Three Insights From Seattle's Young Entrepreneurs

Submitted by: John Converse Townsend on 06/20/12

Editor's note: This post, written by Ashoka Seattle's Abby Chroman, was first featured in "Change in the Making" on Forbes.com.

On a non-descript evening in May a hub of social innovation pulsed with energy, attracting over 500 participants with solutions to social problems ranging from public health to citizen engagement and poverty alleviation. But this was no glamorous gala—there were no suits or linen tablecloths. There was no need for that accouterment. The setting was a high school gym, the innovators were teenagers, and the event was an astounding success.

Young entrepreneurs in Seattle showcase their venture, Youth Ultimate Project (YUP)

The breakdown

The gathering was hosted in Seattle by Ashoka’s Youth Venture, a program that enables youth from 12-20 years old to combine their passions and talents with real-world social entrepreneurship skills. The program encourages students to start and lead their own organizations for the betterment of their communities.

The event was an exhibition of in-progress social ventures launched by Youth Venture teams. The showcase gave students the opportunity to promote their solutions directly to each other and to the community. Eighty-four youth-led teams and over 500 participants were present—an impressive turnout for a bunch of high school kids. Besides their passion and enthusiasm, these young entrepreneurs offer us a few key insights.

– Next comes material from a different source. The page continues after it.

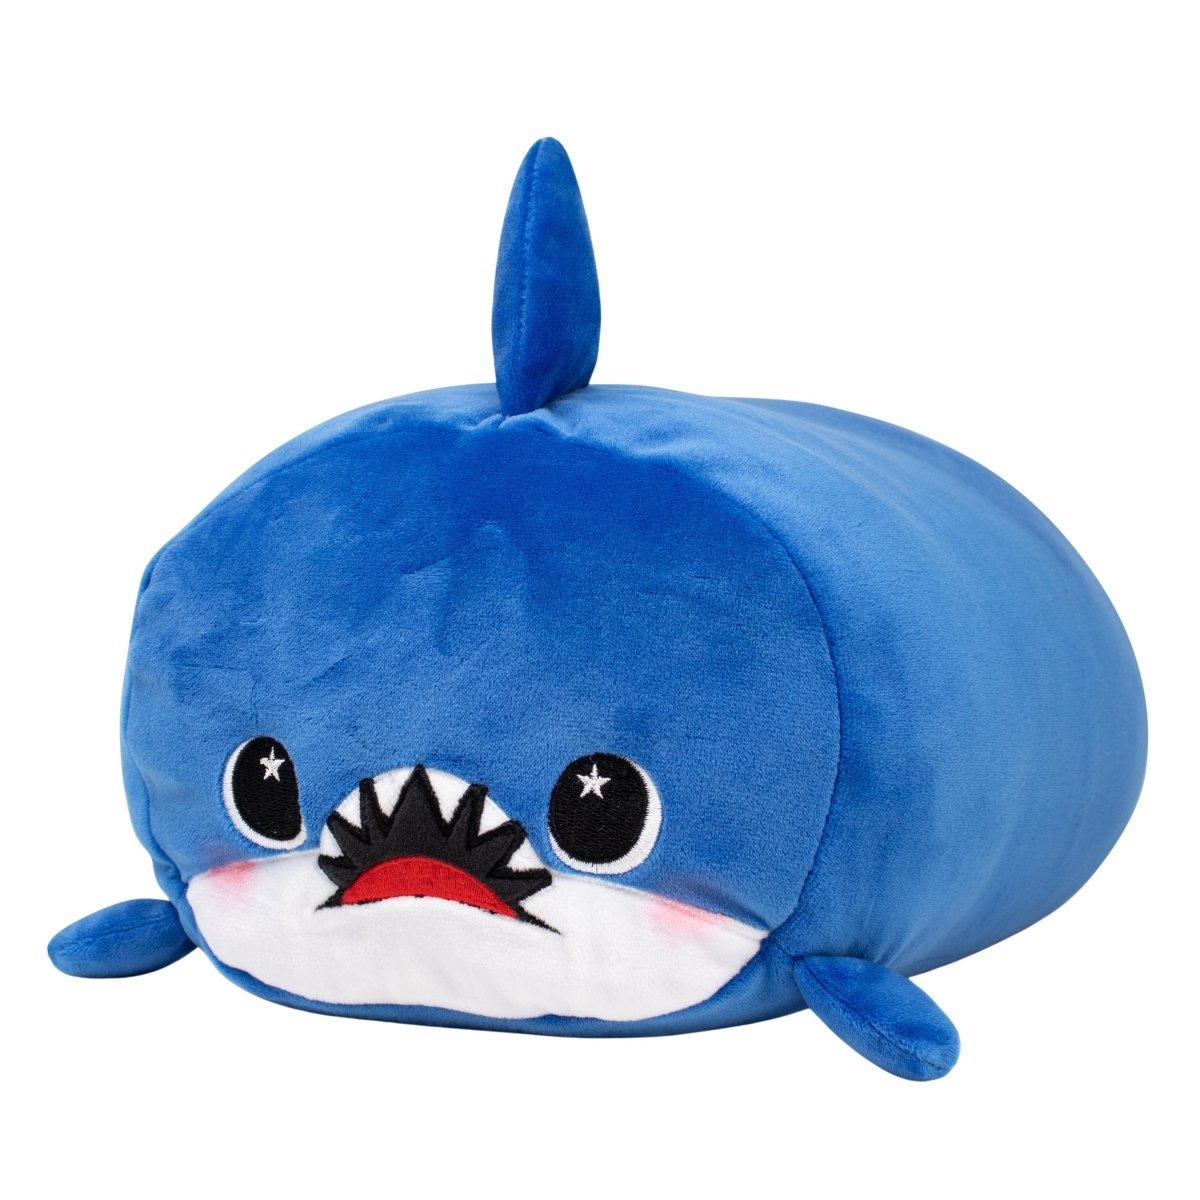 Azul the Shark Plushie
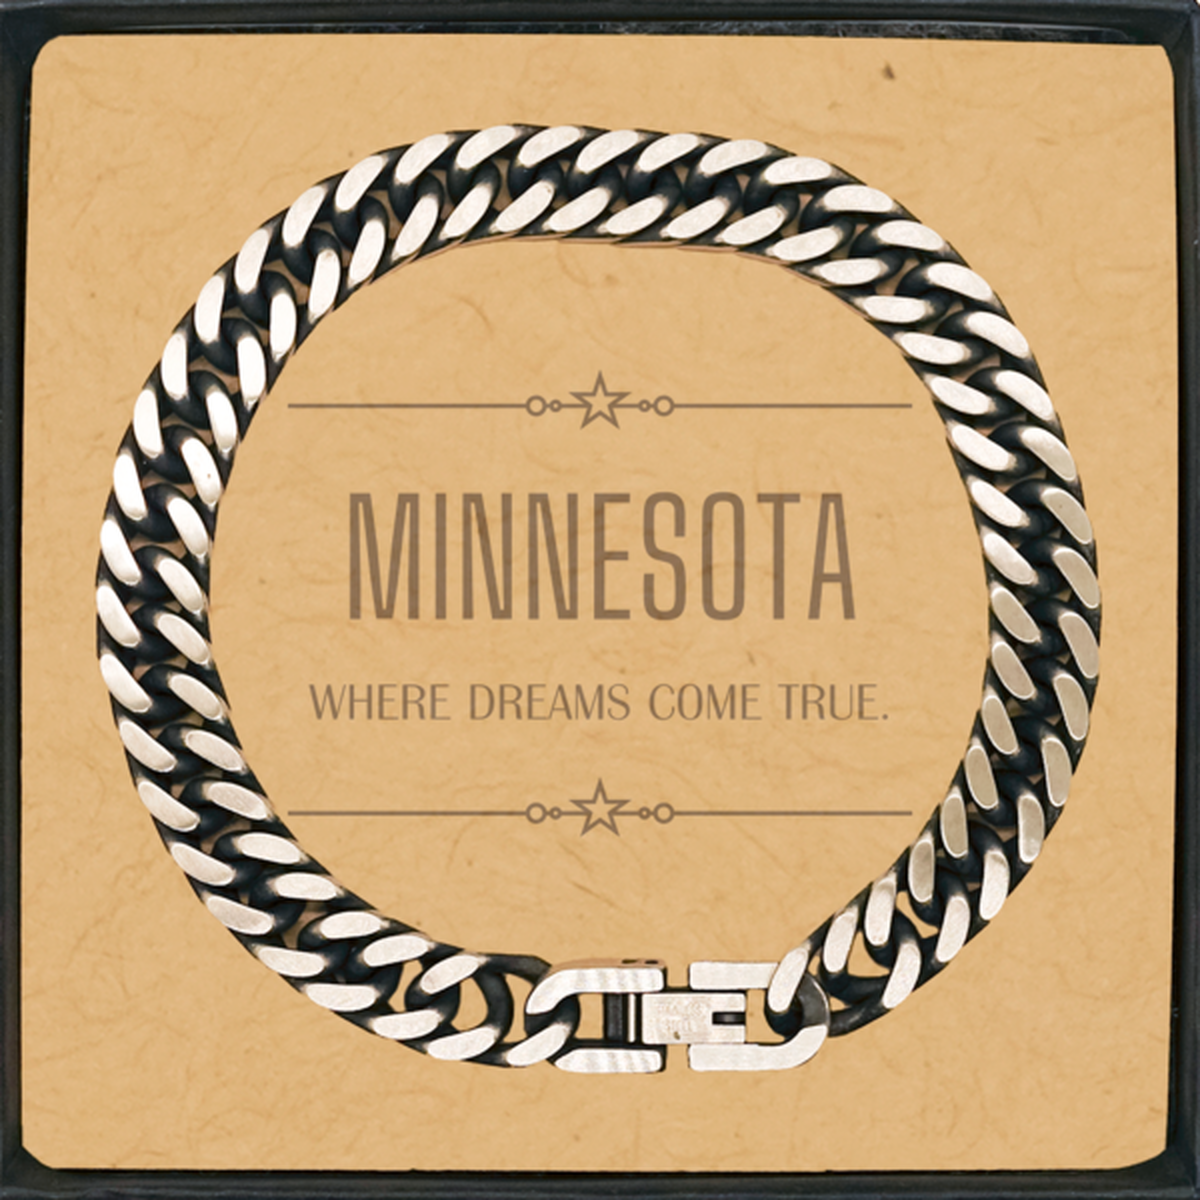 Love Minnesota State Cuban Link Chain Bracelet, Minnesota Where dreams come true, Birthday Inspirational Gifts For Minnesota Men, Women, Friends

Top 3 lessons from Ashoka Seattle Youth Venture Showcase

  1. Young social entrepreneurs see big potential in small things. For example, one girl sold bracelets to raise money for her initiative. She couldn’t charge much for each bracelet, but she could sell a lot of them. Positioning herself outside the Mariner’s baseball stadium before and after ballgames, she collected $1,400. “Where else would there be so many people in one place with money to blow?” she thought.

  2. While adults often have perspective on a problem in the community related to youth, young people may hold the key to thesolution, and they’re poised to use it. Don’t forget that youth have a unique insight to their generation’s challenges. For example, one group saw self-image as a barrier for young people and set out to turn “geek to chic” with a website promoting young social innovators rather than pop icons.

  3. Young social entrepreneurs are capable of leading and creating positive change, but having validating experiences like the one at the Youth Venture Showcase is likely to spark the confidence to do so. By launching their own social ventures early on, many young people will be empowered to proactively solve social problems throughout their lives. For example, one project is now in its third year of organizing summer camps for kids of deaf or hard of hearing parents. The camps align mentors with the young people to provide a transformative experience. Another youth venture started as a breakdancing team and has evolved into an arts organization that creates job opportunities for underserved young people in sound and video editing.

In addition to Youth Venture’s Seattle branch, the program is planted across the United States and throughout the world.